Norman Mineta will add cache to campaign for Ed Roberts Campus
Oakland Tribune, Dec 20, 2006
BERKELEY - A former Silicon Valley congressman has been named honorary chairman of a campaign raising money for a one-stop center for disability services in the city.
Norman Y. Mineta will head the capital campaign committee for the Ed Roberts Campus, an 86,000-square-foot campus that will include a broad range of disability service programs, including legal advocacy, job training, parenting support and wheelchair sports.
The center, which will be built at the Ashby BART station, will also include fully accessible meeting rooms, a computer-media center, a fitness center, a cafe and a child development center. It is slated to open in 2009.
Mineta is currently the vice chairman of Hill & Knowlton, a public relations firm in Washington, D.C., and last week received the Presidential Medal of Freedom by President Bush.
He served as U.S. Secretary of Transportation under President Bush, the only Democratic cabinet secretary in the Republican Bush administration, and as U.S. Secretary of Commerce under President Clinton.

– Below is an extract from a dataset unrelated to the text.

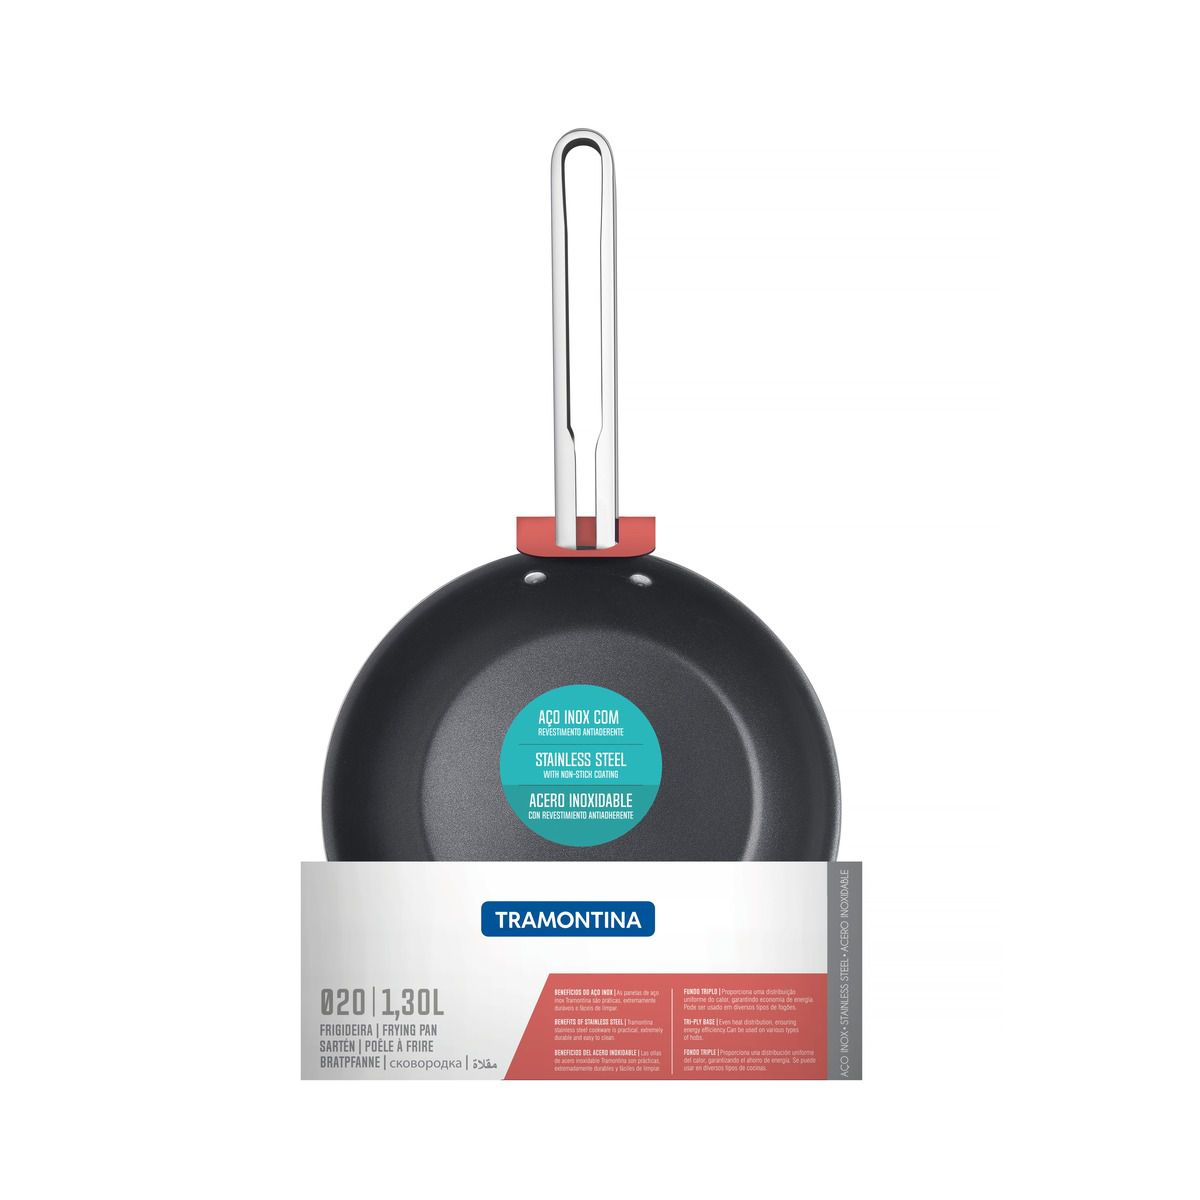 Frigideira Tramontina Ventura em Aço Inox com Revestimento Interno Antiaderente 20 cm 1,3 L 62376/207 | Lojas Estrela

The budget is $43 million and fund-raisers have secured $32.5 million in grants and pledges so far, said campus spokesman Caleb Dardick.
The city of Berkeley recently applied for more than $14 million in grants for the Ed Roberts Campus. Results of those applications should be known early next year, Dardick said.
Mineta will help the Ed Roberts Campus complete the private fundraising and head the task force that will organize the groundbreaking ceremonies for the facility, which are scheduled for July 26, 2007 -- to coincide with the 17th anniversary of the Americans with Disabilities Act (ADA).
The campus' namesake, Roberts, had polio and was an early leader in the city's independent-living movement as well as a student who helped pave the way for disabled student services at the University of California, Berkeley. Roberts died in 1995 at age 56.